Since the pre-trained model weights are available, we need not download the SpaceNet training data.  Instead, we will just download the testing data.  For this exercise, we'll explore SpaceNet Area of Interest (AOI) \#10: Dar Es Salaam.  This city was withheld for testing purposes in SpaceNet 5, meaning that the pre-trained model has not been trained on this city whatsoever.  To download the data (25 GB):

In [None]:
test_im_raw_dir = '...'
!aws s3 cp --recursive s3://spacenet-dataset/AOIs/AOI_10_Dar_Es_Salaam/PS-MS/ {test_im_raw_dir}


####  Prepare Test Data

While CRESI is designed to handle images of arbitrary size and extent, for this exercise we will clip the image somewhat to speed processing time and ease visualization. We will also convert the 8-band multispectral 16-bit image to an easier to visualize 8-bit RGB image. 

In [None]:
# Clip the image extent
ulx, uly, lrx, lry = 39.25252, -6.7580, 39.28430, -6.7880  # v0
outname = 'test1_cog_clip.tif'
im_name = [z for z in os.listdir(test_im_raw_dir) if z.endswith('.tif')][0]
print("im_name:", im_name)
test_im_raw = os.path.join(test_im_raw_dir, im_name)
test_im_clip = os.path.join(test_im_clip_dir, outname)
print("output_file:", test_im_clip)

!gdal_translate -projwin {ulx} {uly} {lrx} {lry} {test_im_raw} {test_im_clip}

In [None]:
# Convert 16-bit multispectral test data to 8-bit RGB
%cd {os.path.join(cresi_dir, 'cresi/data_prep/')}
import create_8bit_images

create_8bit_images.dir_to_8bit(test_im_clip_dir, test_final_dir,
                              command_file_loc='',
                              rescale_type="perc",
                              percentiles=[2,98],
                              band_order=[5,3,2])

# display our test image
fig_width, fig_height = 16, 16
im_test_name = [z for z in os.listdir(test_final_dir) if z.endswith('.tif')][0]
im_test_path = os.path.join(test_final_dir, im_test_name)
im_test = skimage.io.imread(im_test_path)

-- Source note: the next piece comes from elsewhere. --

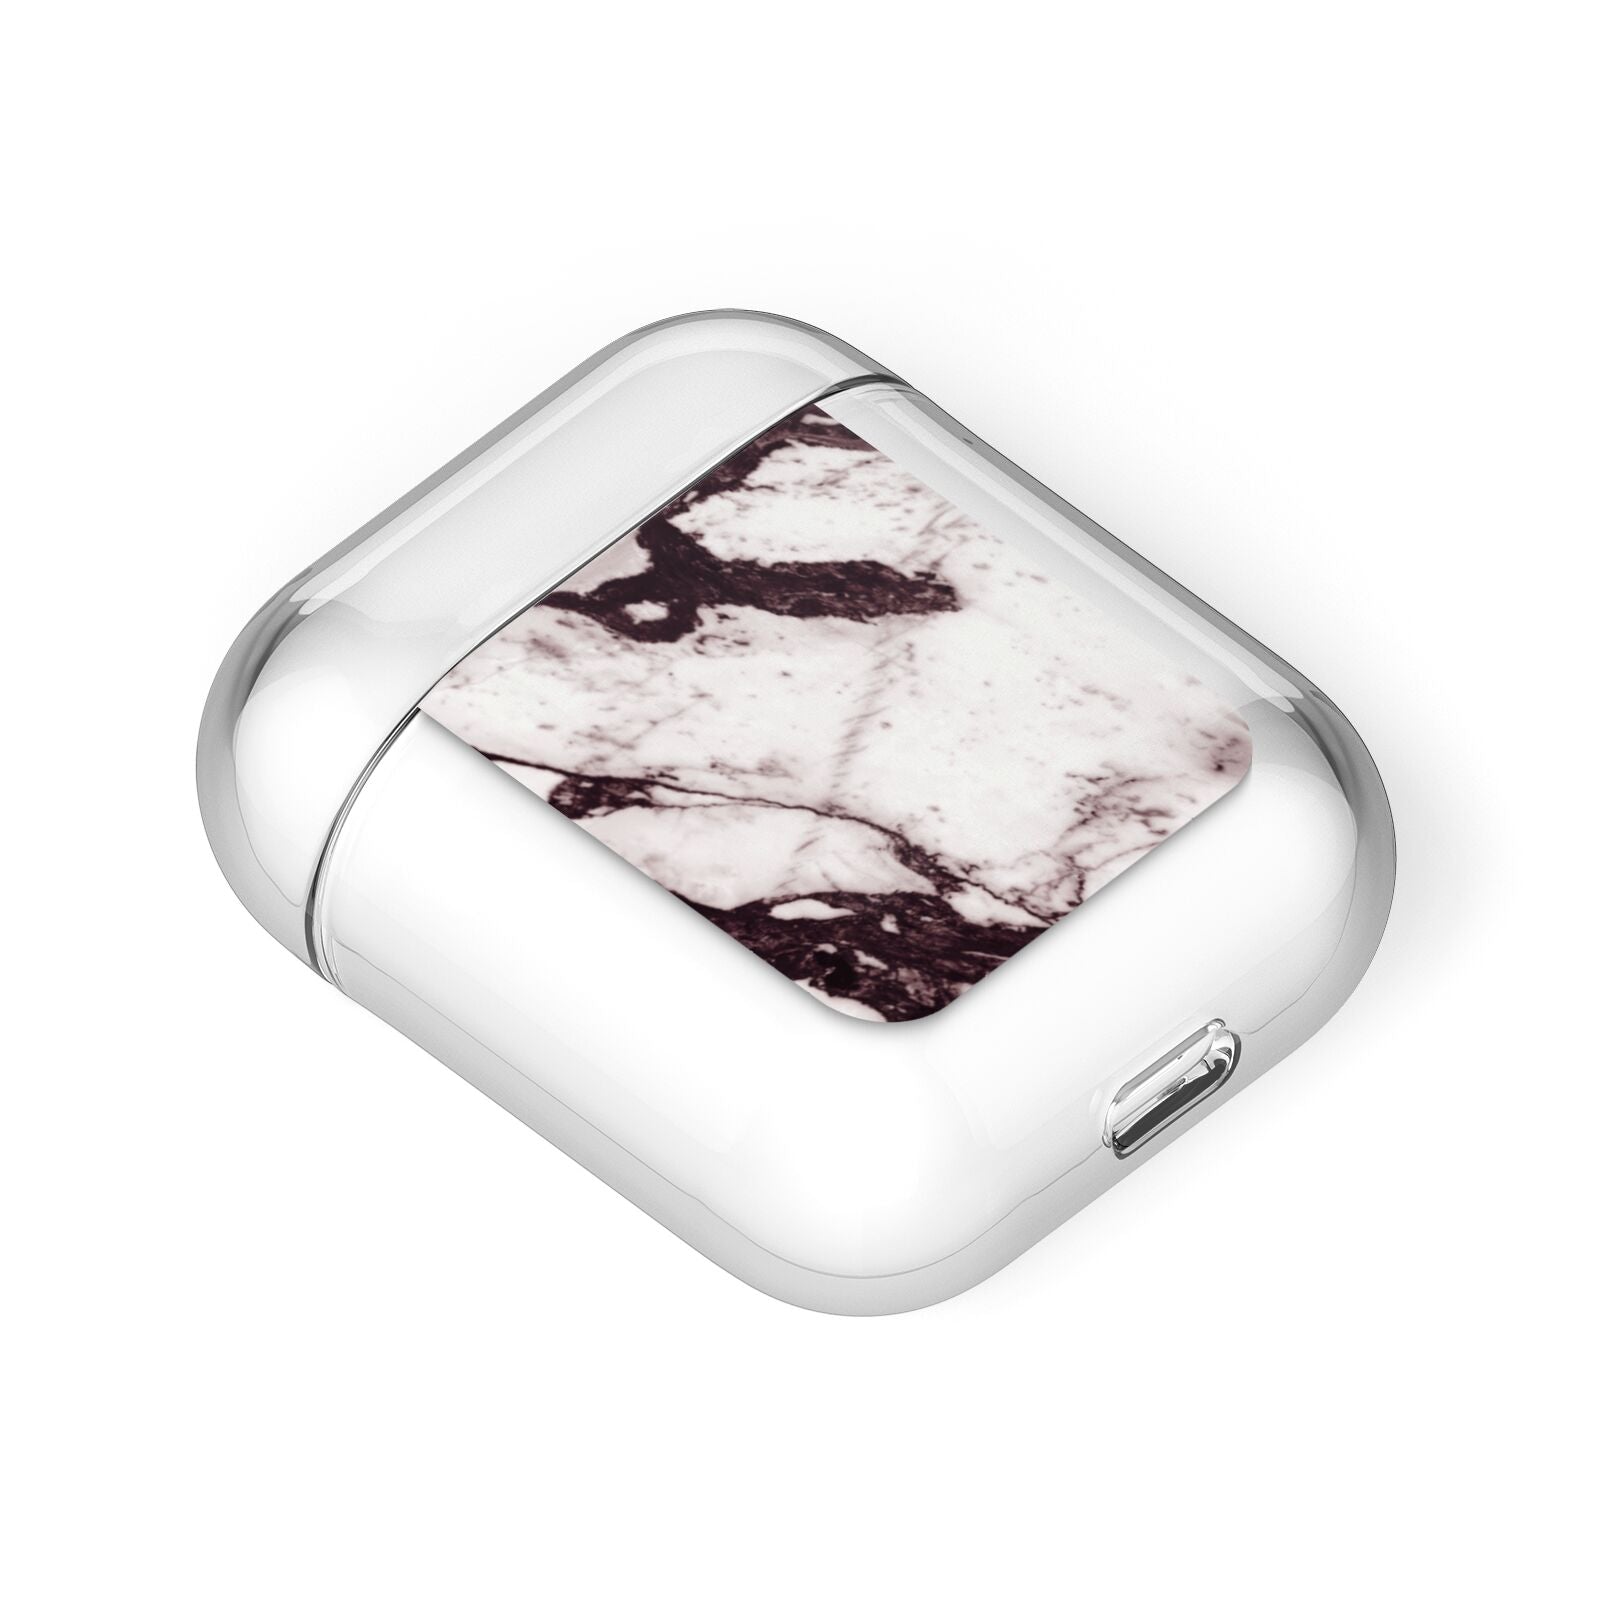 Viola Marble AirPods Case Laid Flat

fig, ax = plt.subplots(figsize=(fig_width, fig_height))
_ = ax.imshow(im_test)
_ = ax.set_title(im_test_name)

Image stats for test1_cog_clip.tif: 
  - im.shape: (11770, 11111, 3)
  - n pixels: 130,776,470
  - Area = 11.7 km2

In [None]:
# Now ensure the image is a valid COG:

%cd $test_im_clip_dir
!gdal_translate test1_cog_clip.tif test1_realcog_clip.tif -of COG -co COMPRESS=LZW	

----

## 3. Execute Inference

Open a terminal in StudioLab, and run the following


### yoltv5

    cd /home/studio-lab-user/shackleton/src/yoltv5/yoltv5
    time ./test.sh /home/studio-lab-user/shackleton/cfg/yoltv5_8class_test_studio_lab.yaml
    # Total time is < 1 min on a GPU


### cresi

    cd /home/studio-lab-user/shackleton/src/cresi/cresi
    JSON=/home/studio-lab-user/shackleton/cfg/cresi_8class_test_studio_lab.json
    time ./test.sh $JSON
    # Total time is 2.5 minutes on a GPU

-----
## 4. Copy Results Locally

Since StudioLab cannot run a Bokeh server, we need to run the dashboard locally.  The relevant results folder in StudioLab is: /home/studio-lab-user/shackleton/results/test1.  Copy these results locally, then run the dashboard according to the README.